Sie endete für mich an dem Tag, als eine kriminelle Bande meinen Bruder und mich überfallen hatte.
Er geht, wenn wir hier fertig sind. Also beweg deinen hübschen Arsch zur Straße und warte dort auf ihn." Ich hörte die Stimme dieses Mannes als Flüstern direkt vor meinem Ohr. Erschrocken sprang ich auf.
„Muss nur kurz mal wo hin", beendete ich das Starren meiner Freunde und ging in Richtung Meer. Sollte das Rauschen meine Ängste erneut davon spülen. Das tat es doch immer.

Allein der Glanz trennte die Schwärze des Himmels von dem des Wassers. Oben glänzten die Sterne und unten die Wellen. Und dazwischen schoben sich Augen, die beides inne hatten.
Wer war dieser Mann, den meine Gedanken vor mir versteckten?
„Alles in Ordnung, Schwesterherz?"
Ich drehte mich, um seinem so seltenen Lächeln zu begegnen. Meine Arme fanden um meinen zierlichen Körper, der mich gleichzeitig zweifeln ließ. Wer würde mich ernst nehmen?
Die kleine Frau mit dem runden Mondgesicht, die schon einmal auf die Fresse bekommen hat. Instinktiv fand meine Hand die Narbe.

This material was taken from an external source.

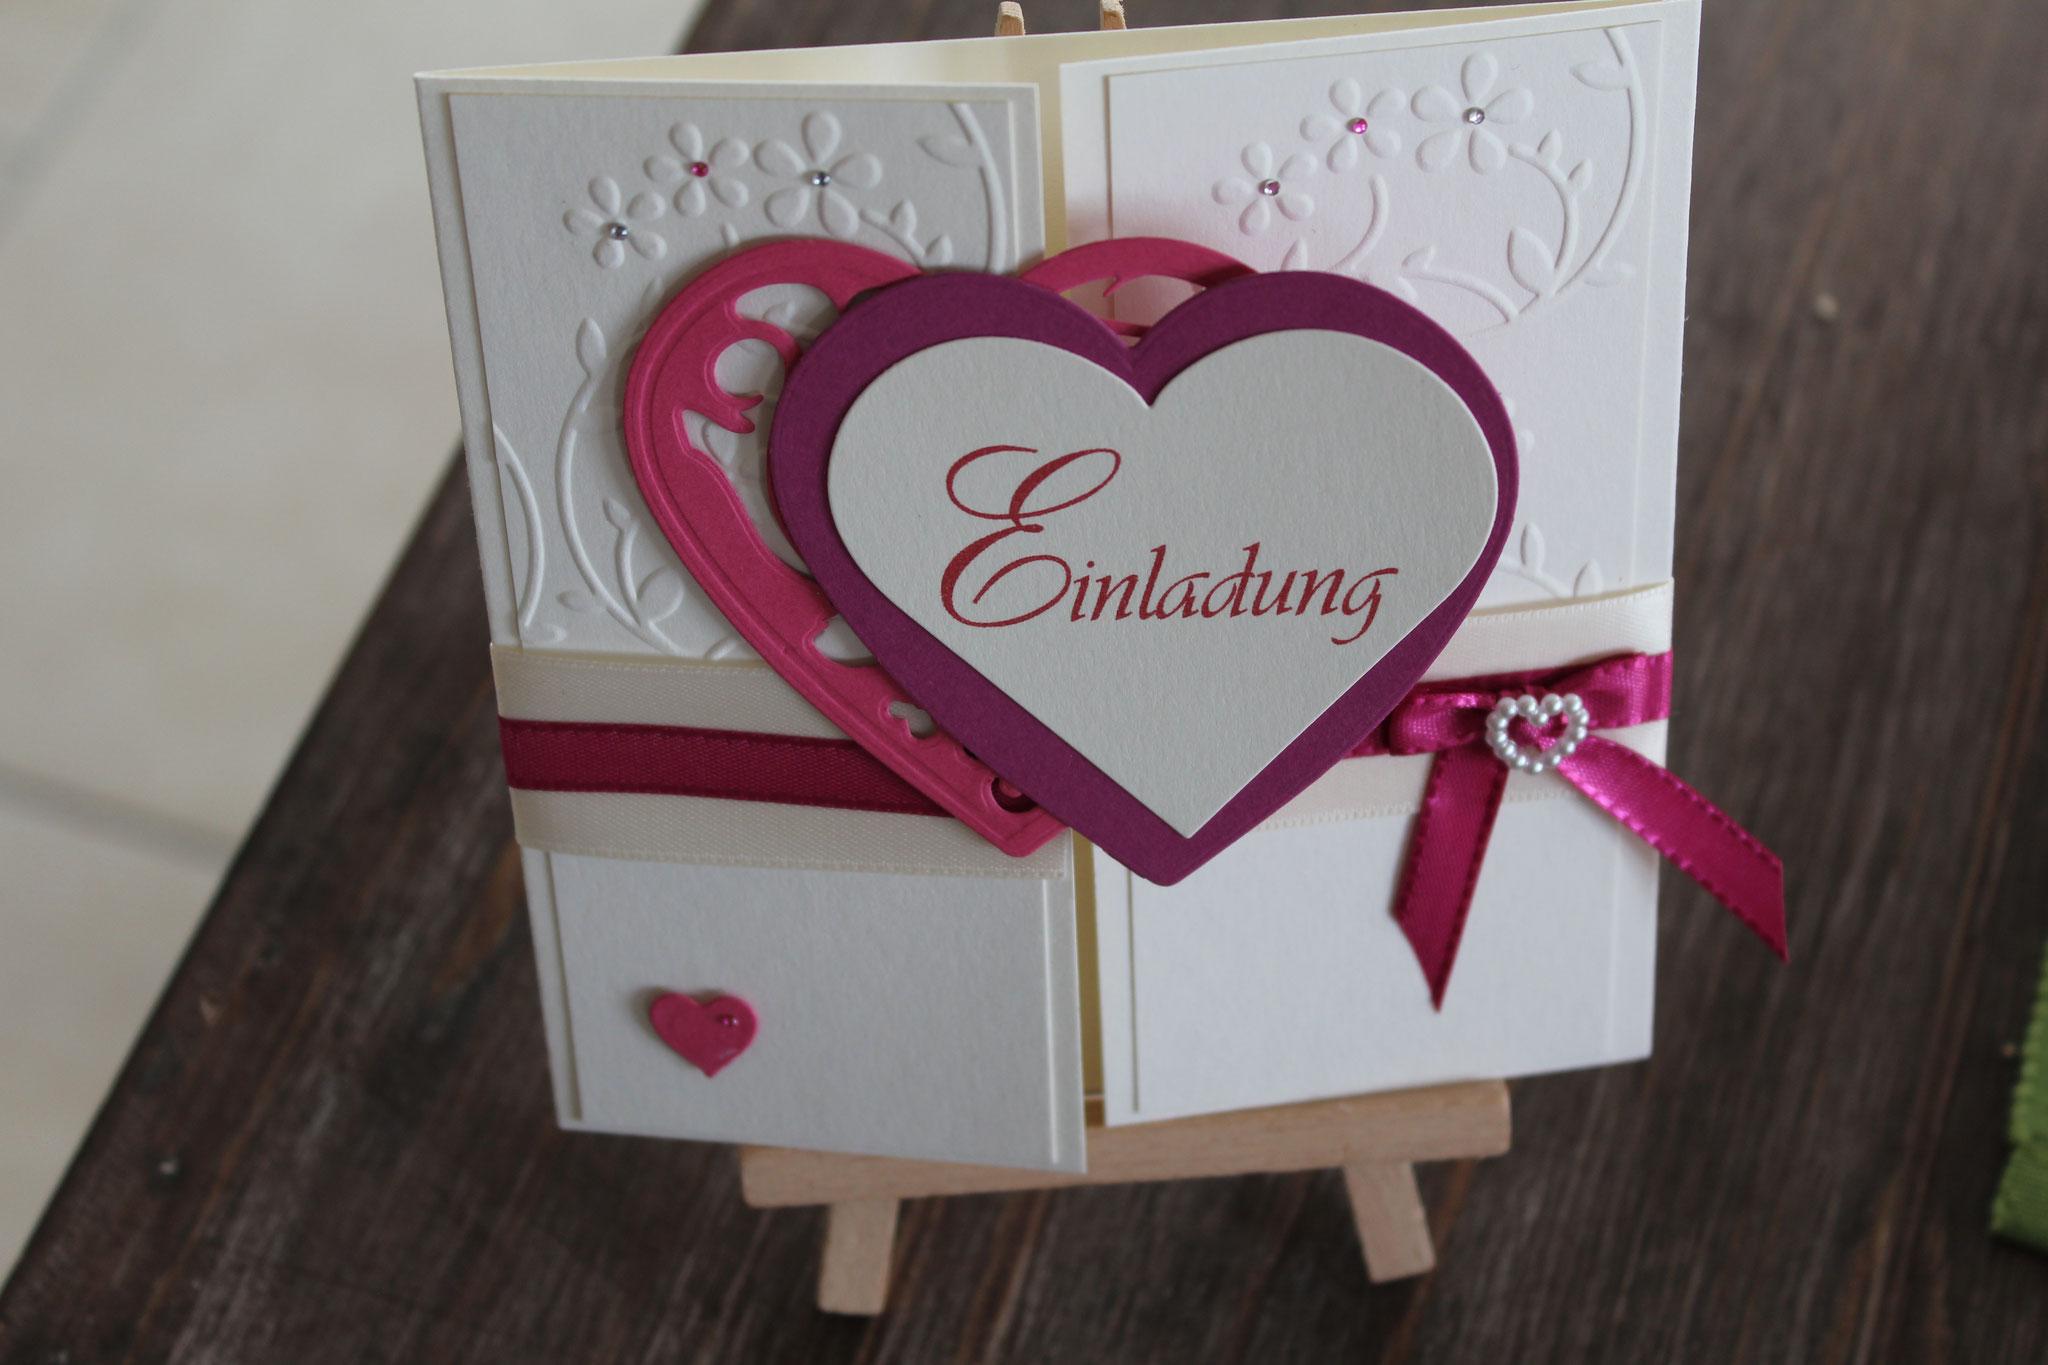 EH91 EH 86 Mittig zu öffnen. Gerne arbeiten wir auf die Herzinnenseite ein Bild von  Euch ein. Anhänger mit den Namen des Brautpaares.
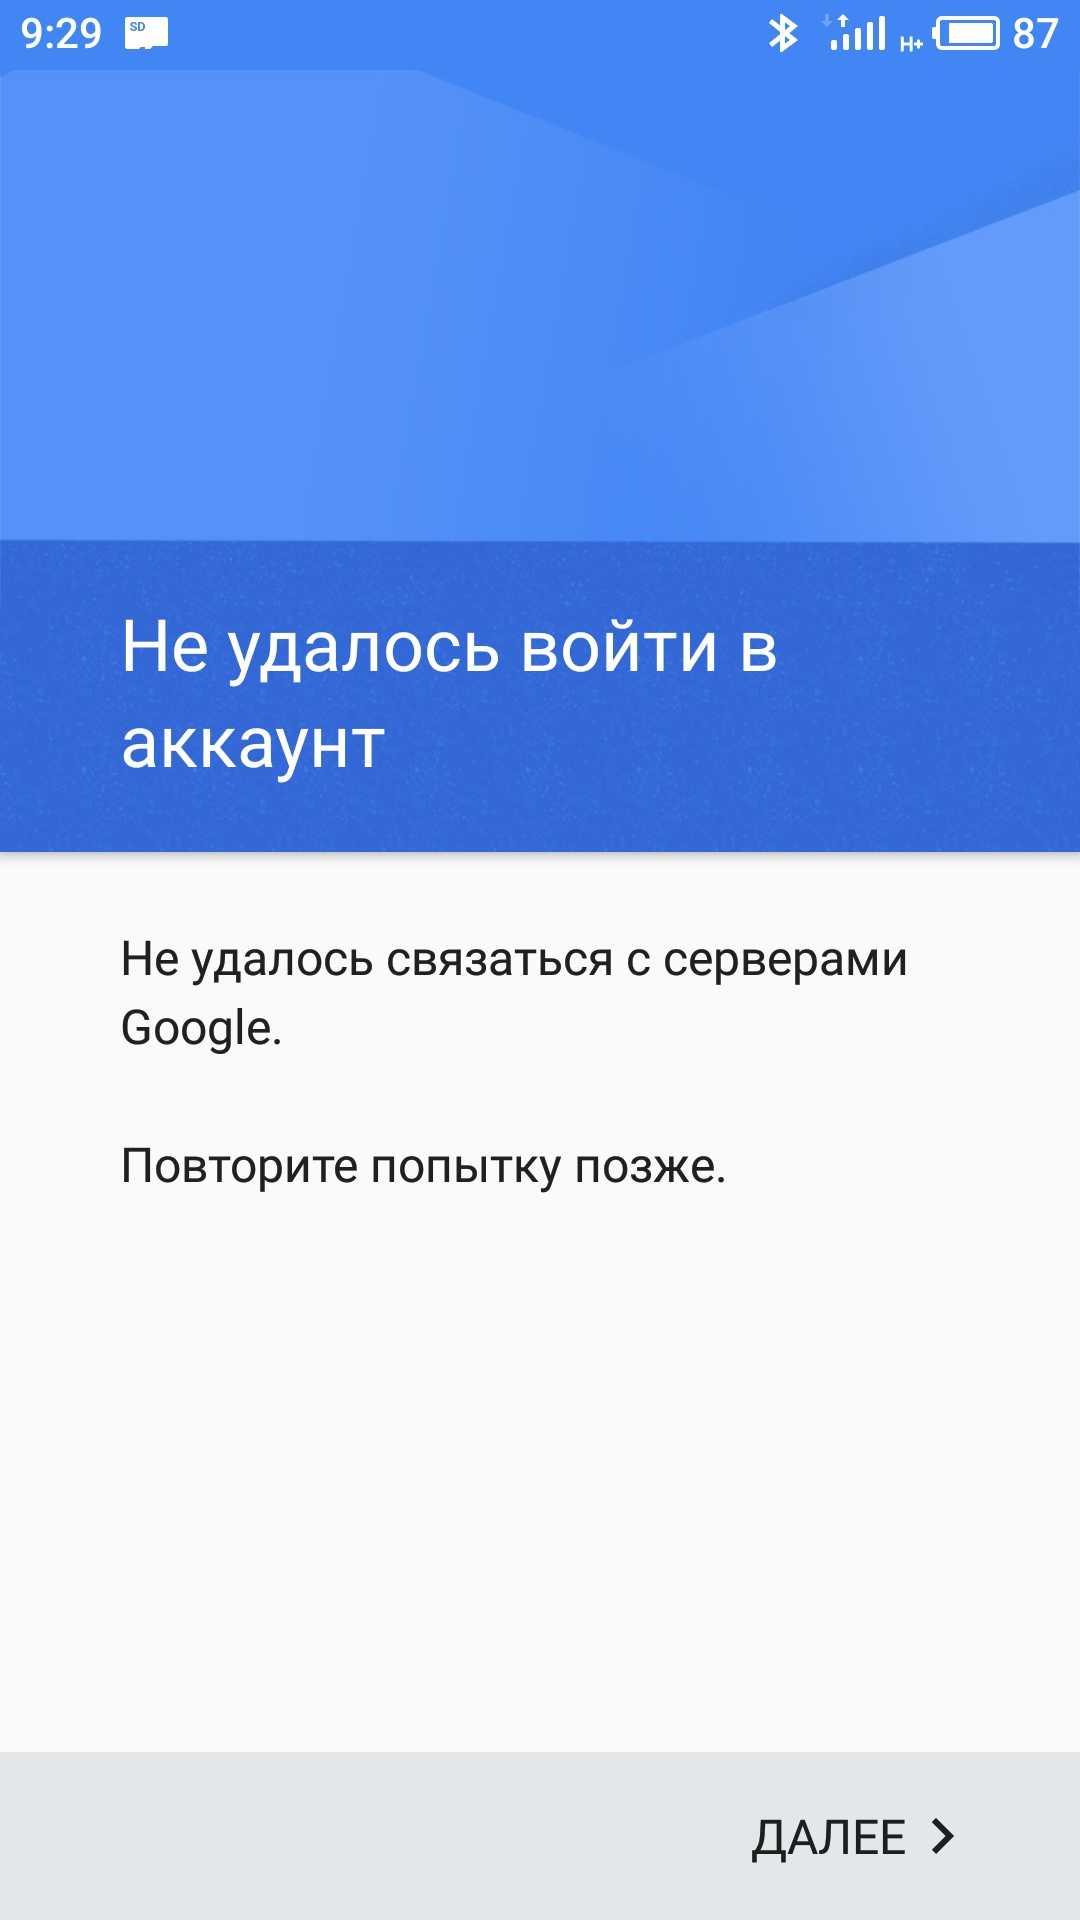 Не удалось связаться с серверами google, не подключается к гугл плей сервисам, почему возникает ошибка на андроид и bluestacks

„Ich habe Angst", gab ich zu. Ardian näherte sich und legte seine Arme schützend um mich.
„Sie werden lernen, dich zu fürchten." Ich schmunzelte zufrieden in seine Brust. So rührende Worte hatte ich von meinem Bruder nicht erwartet. Es gab ihn noch, den Jungen, der sich um seine Familie sorgte, dem nicht alles egal war.

„Leute, da hinten gibt's eine Runde Gruppenkuscheln!", schrie meine beste Freundin und kurz darauf, spürte ich immer mehr Hände, die mein Herz bis in den Himmel katapultierten.